Using domain names in the "blackbox" probe makes it difficult to tell
the difference between a complete Internet outage and DNS issues. I
switched to using these names when I changed how the firewall routed
traffic to the public DNS servers, since those were the IP addresses
I was using to determine if the Internet was "up." I think it makes
sense, though, to just ping the upstream gateway for that check. If
EverFast changes their routing or numbering, we'll just have to update
our checks to match.
The VM hosts are now managed by the "main" Ansible inventory and thus
appear in the host list ConfigMap. As such, they do not need to be
listed explicitly in the static targets list.
I'm not using Matrix for anything anymore, and it seems to have gone
offline. I haven't fully decommissioned it yet, but the Blackbox scrape
is failing, so I'll just disable that bit for now.
This machine never worked correctly; the USB-RS232 adapters would stop
working randomly (and of course it would be whenever I needed to
actually use them). I thought it was something wrong with the server
itself (a Raspberry Pi 3), but the same thing happened when I tried
using a Pi 4.
The new backup server has a plethora of on-board RS-232 ports, so I'm
going to use it as the serial console server, too.
I've rebuilt the Unifi Network controller machine (again);
*unifi3.pyrocufflink.blue* has replaced *unifi2.p.b*. The
`unifi_exporter` no longer works with the latest version of Unifi
Network, so it's not deployed on the new machine.
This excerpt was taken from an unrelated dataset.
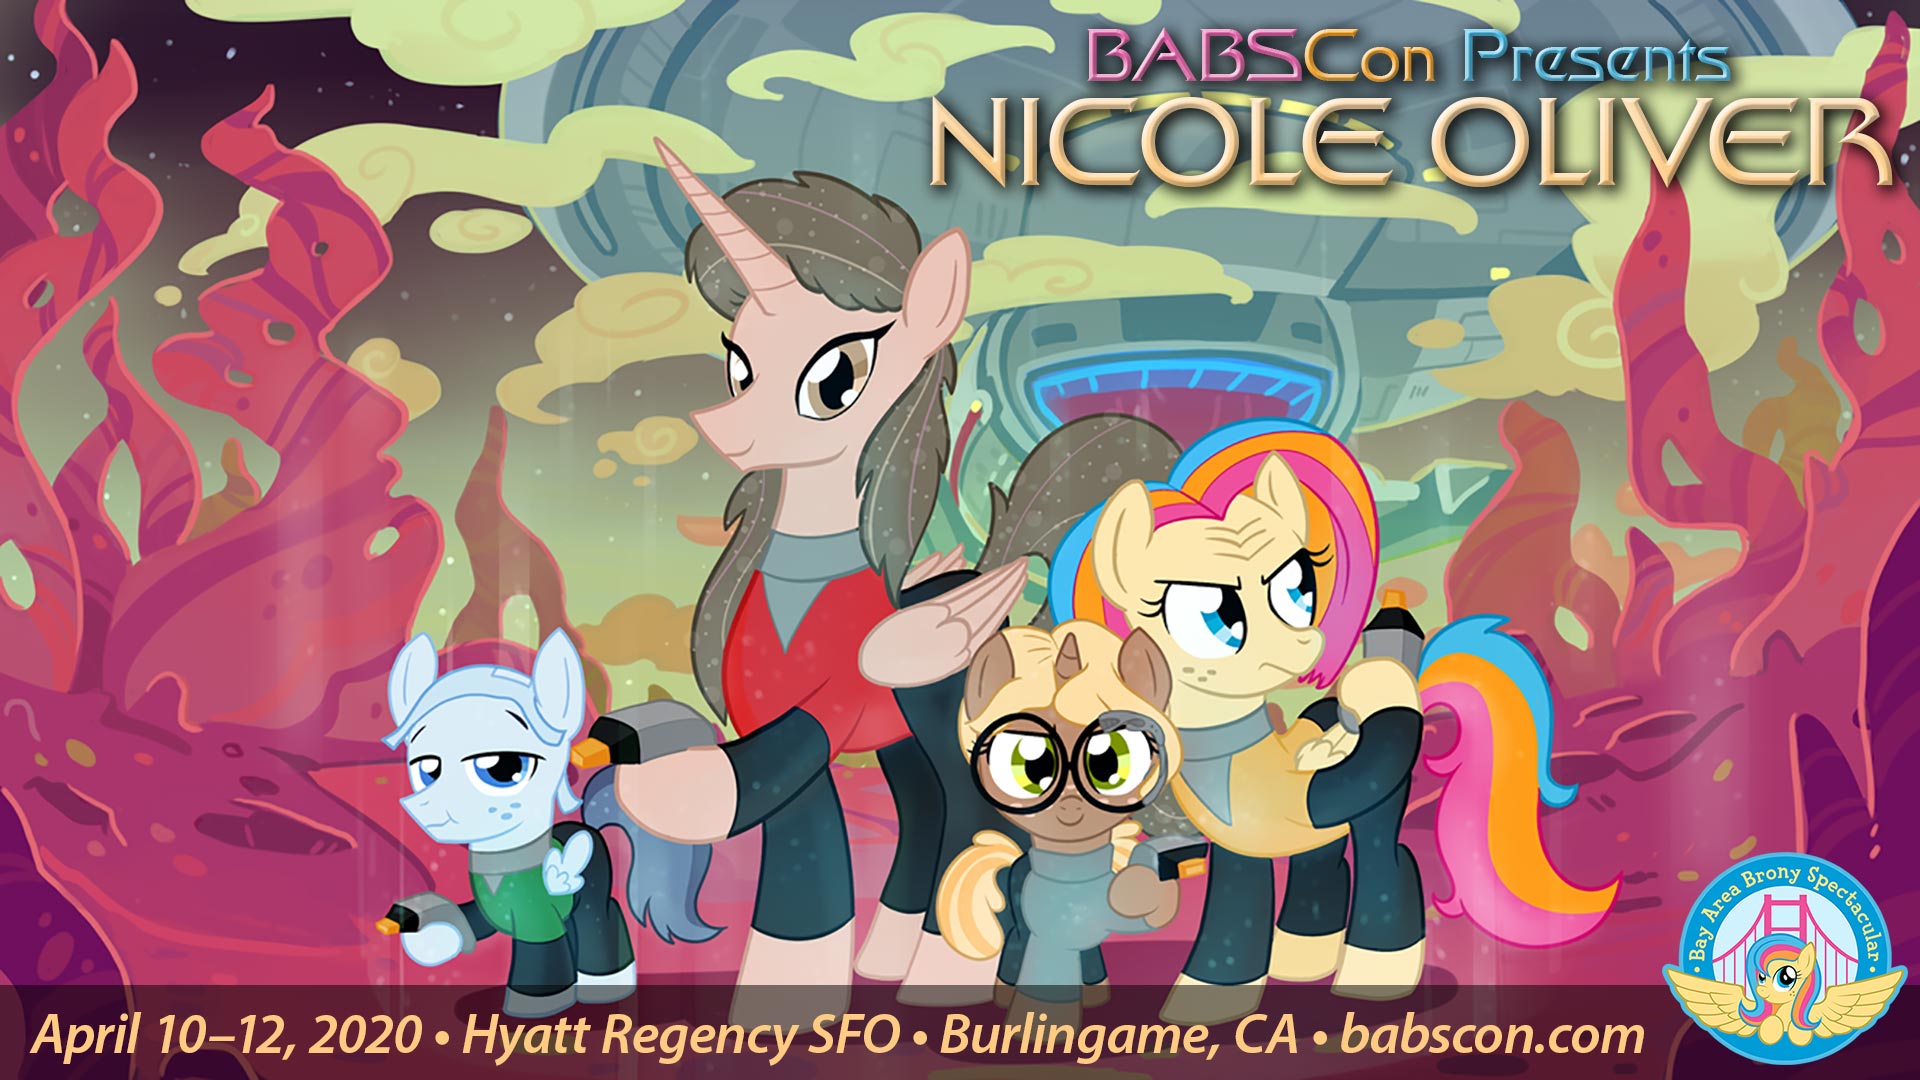 BABSCon 2020 Gets Celestial with Nicole Oliver!

The [postgres exporter][0] exposes metrics about the operation and
performance of a PostgreSQL server. It's currently deployed on
_db0.pyrocufflink.blue_, the primary server of the main PostgreSQL
cluster.
[0]: https://github.com/prometheus-community/postgres_exporter
All the Kubernetes nodes (except *k8s-ctrl0*) are now running Fedora
CoreOS. We can therefore use the Kubernetes API to discover scrape
targets for the Zincati job.
We don't need to explicitly specify every single host individually.
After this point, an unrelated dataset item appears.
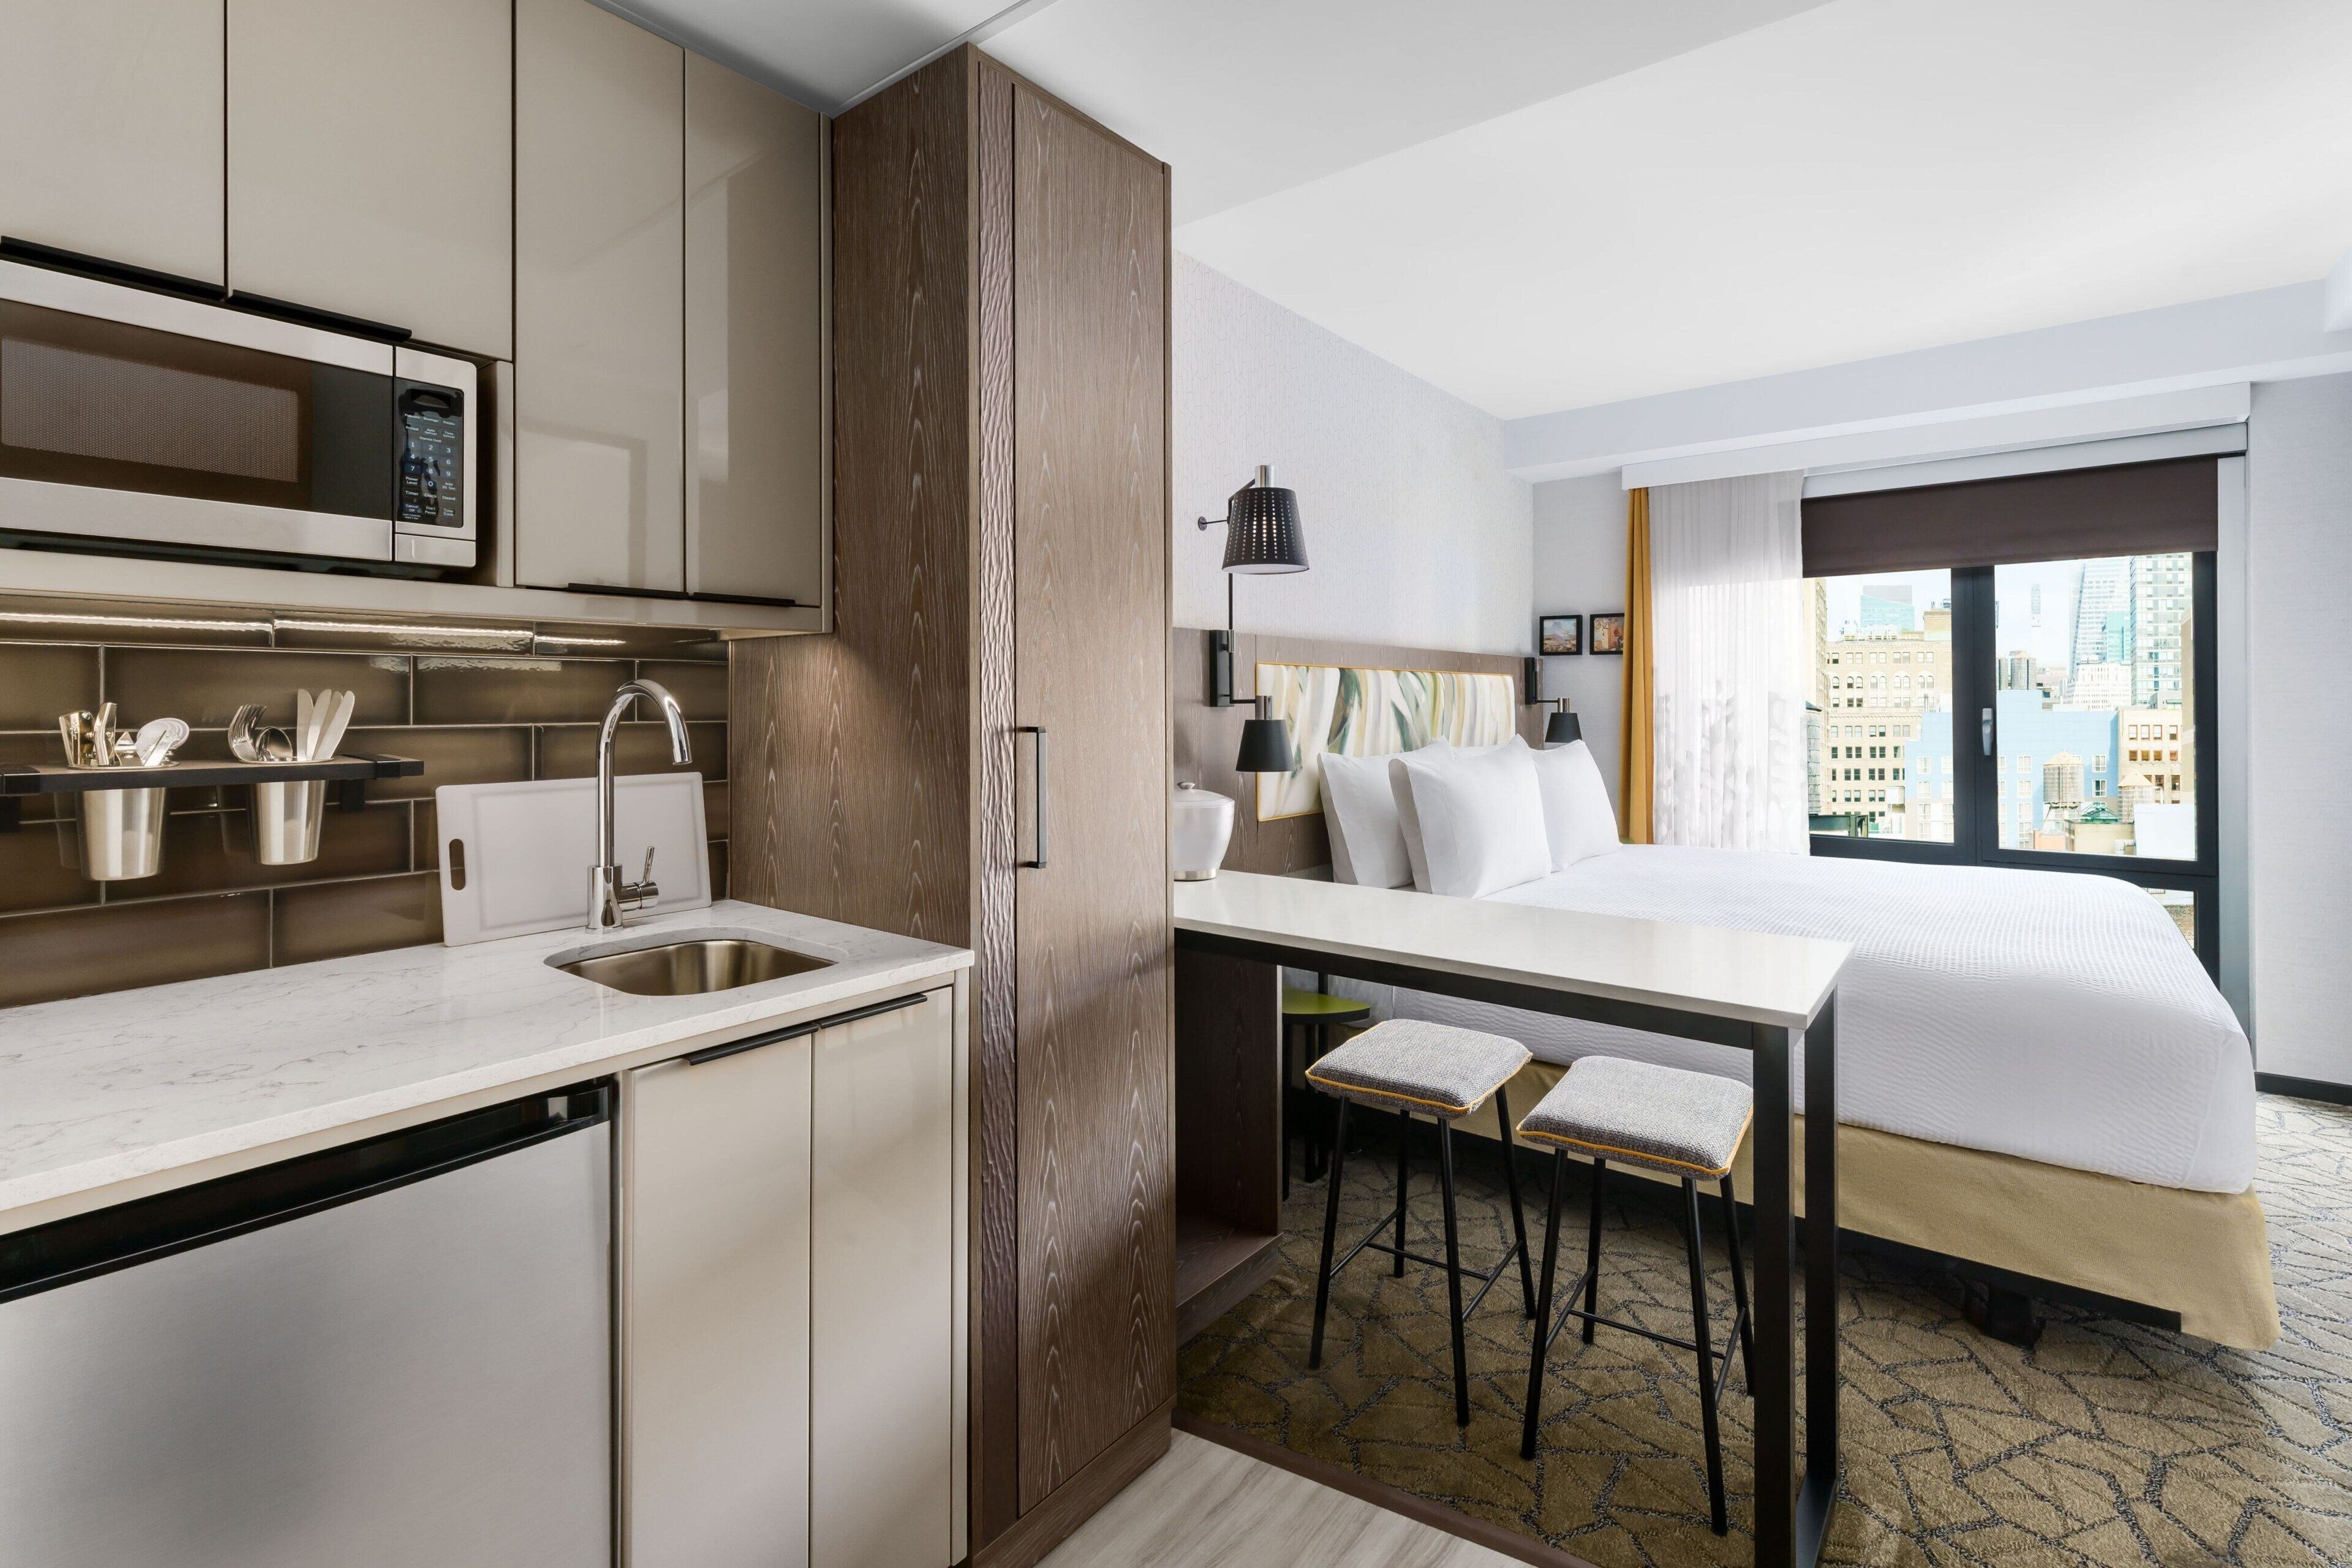 TownePlace Suites New York Manhattan/Chelsea

Domain controllers, for example, are registered in DNS with SRV records.
Kubernetes nodes, of course, can be discovered using the Kubernetes API.
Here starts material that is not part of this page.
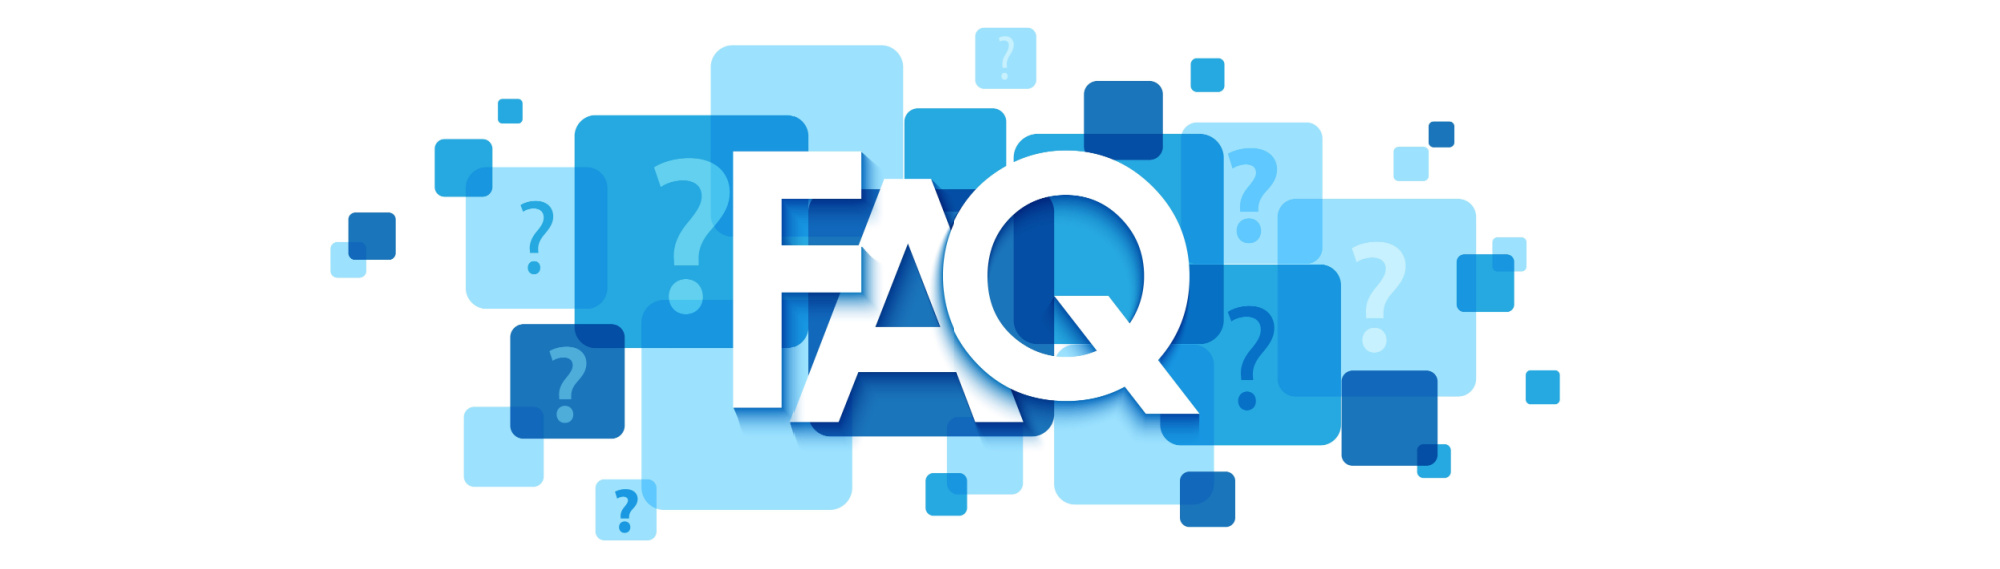 image of frequently asked questions

Both of these classes of nodes change frequently, so discovering them
dynamically is convenient.
I don't like having alerts sent by e-mail. Since I don't get e-mail
notifications on my watch, I often do not see alerts for quite some
time. They are also much harder to read in an e-mail client (Fastmail
web an K-9 Mail both display them poorly). I would much rather have
them delivered via _ntfy_, just like all the rest of the ephemeral
notifications I receive.
Fortunately, it is easy enough to integrate Alertmanager and _ntfy_
using the webhook notifier in Alertmanager. Since _ntfy_ does not
natively support the Alertmanager webhook API, though, a bridge is
necessary to translate from one data format to the other. There are a
few options for this bridge, but I chose
[alexbakker/alertmanager-ntfy][0] because it looked the most complete
while also having the simplest configuration format. Sadly, it does not
expose any Prometheus metrics itself, and since it's deployed in the
_victoria-metrics_ namespace, it needs to be explicitly excluded from
the VMAgent scrape configuration.
[0]: https://github.com/alexbakker/alertmanager-ntfy
Patroni, a component of the *postgres poerator*, exports metrics about
the PostgreSQL database servers it manages. Notably, it provides
information about the current transaction log location for each server.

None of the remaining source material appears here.